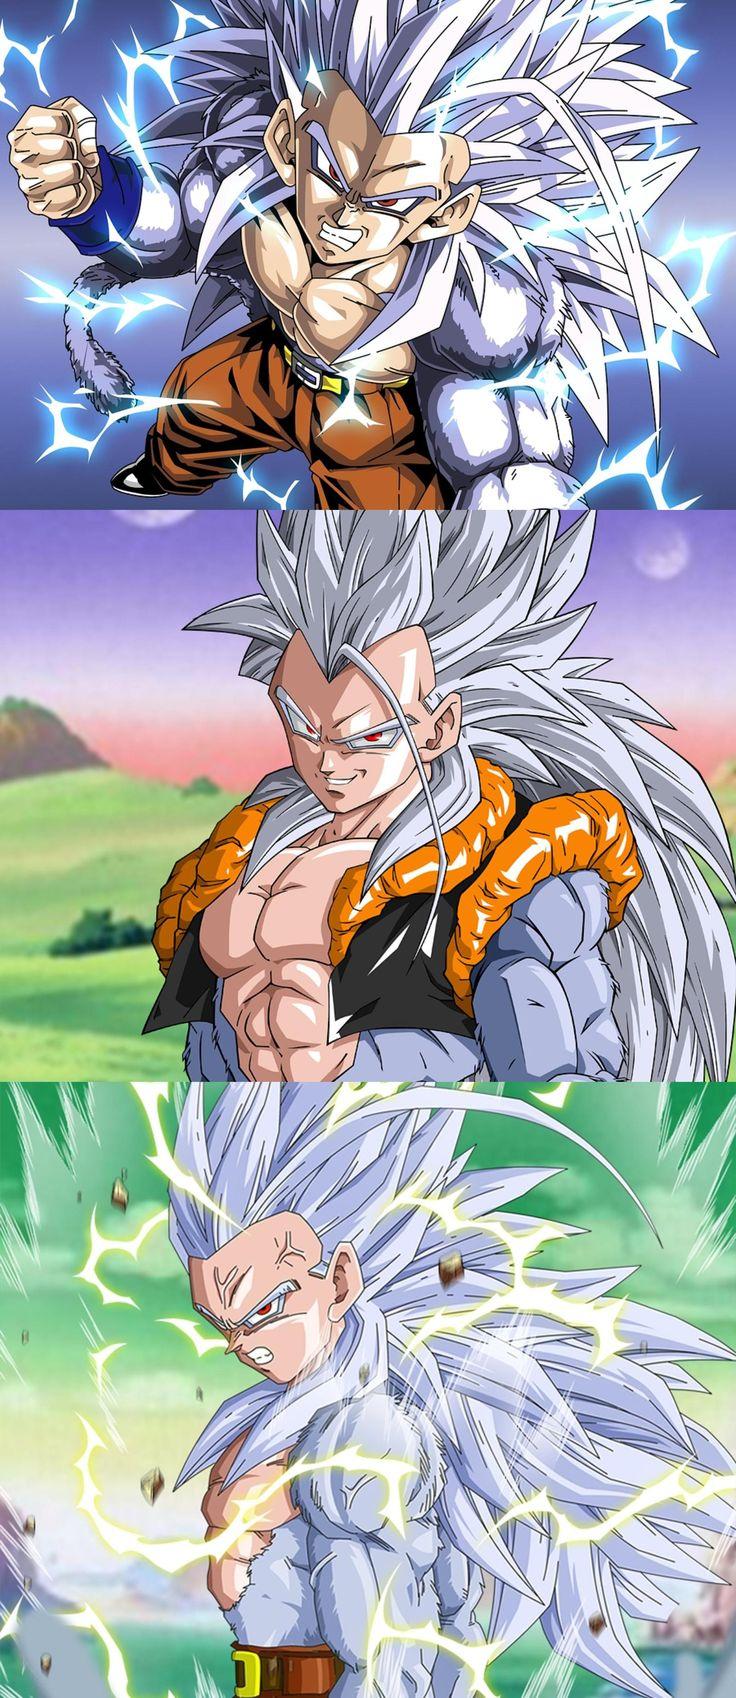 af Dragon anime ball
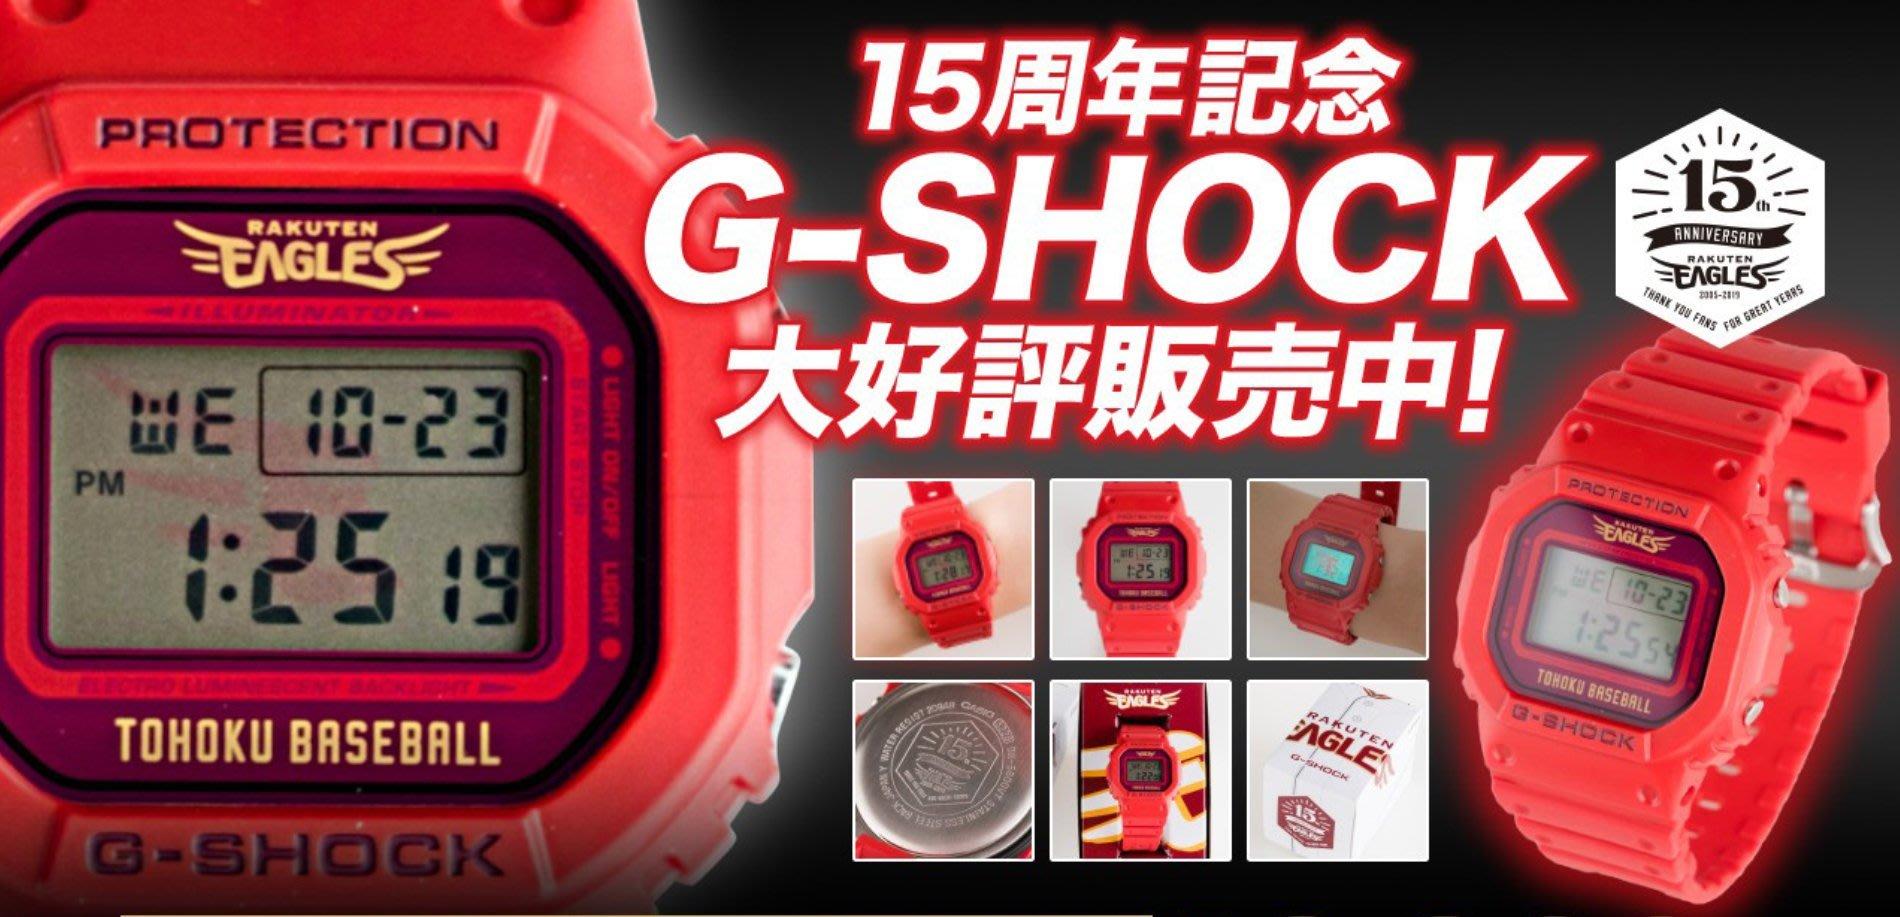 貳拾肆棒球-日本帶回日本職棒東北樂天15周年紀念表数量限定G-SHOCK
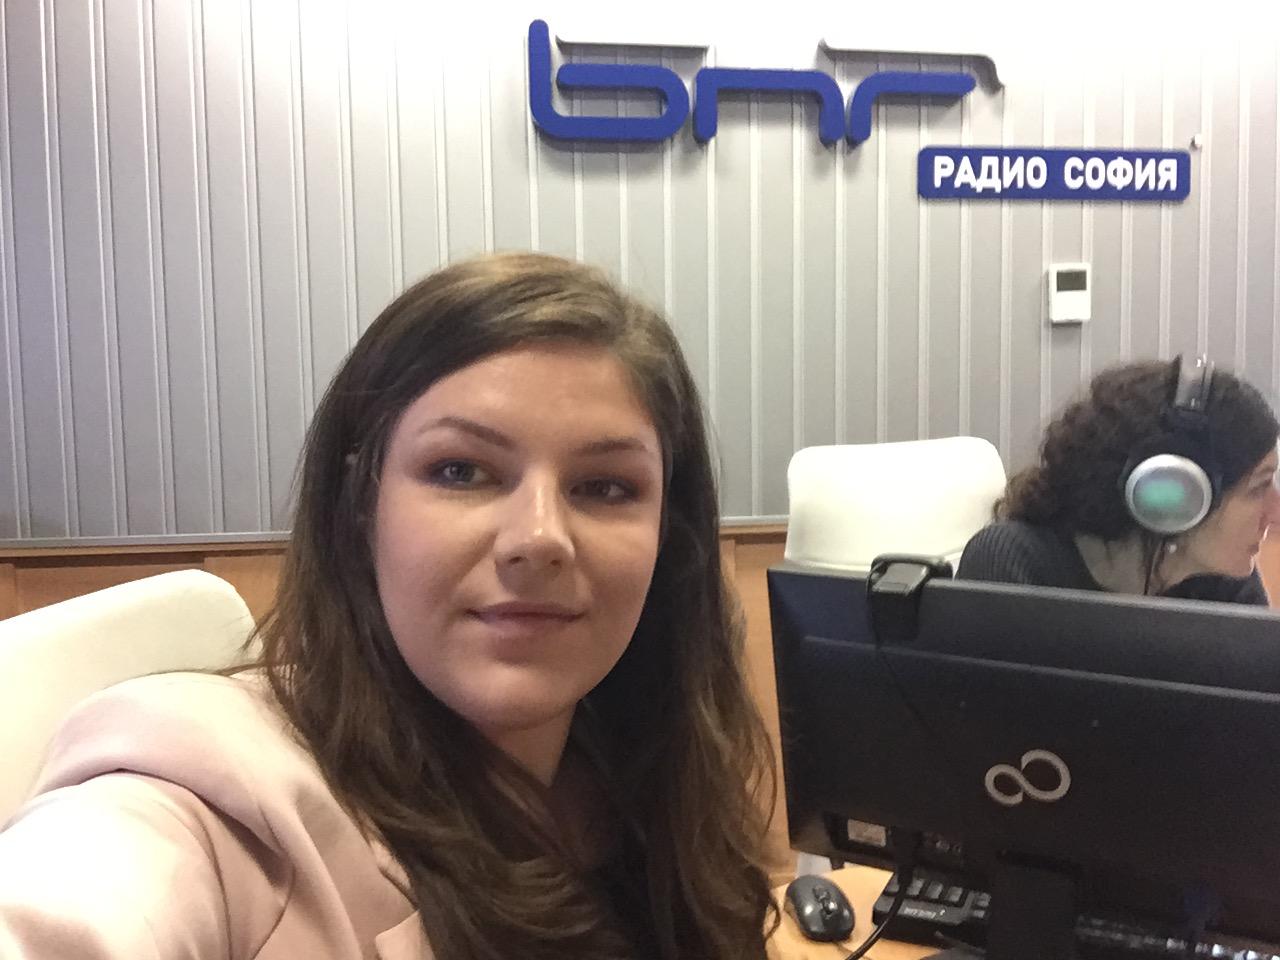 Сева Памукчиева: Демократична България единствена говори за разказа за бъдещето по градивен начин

________________

Could you please return each line of the material exactly, dropping the pictures?

**Solved problem**
 af Dragon anime ball
 貳拾肆棒球-日本帶回日本職棒東北樂天15周年紀念表数量限定G-SHOCK
 Сева Памукчиева: Демократична България единствена говори за разказа за бъдещето по градивен начин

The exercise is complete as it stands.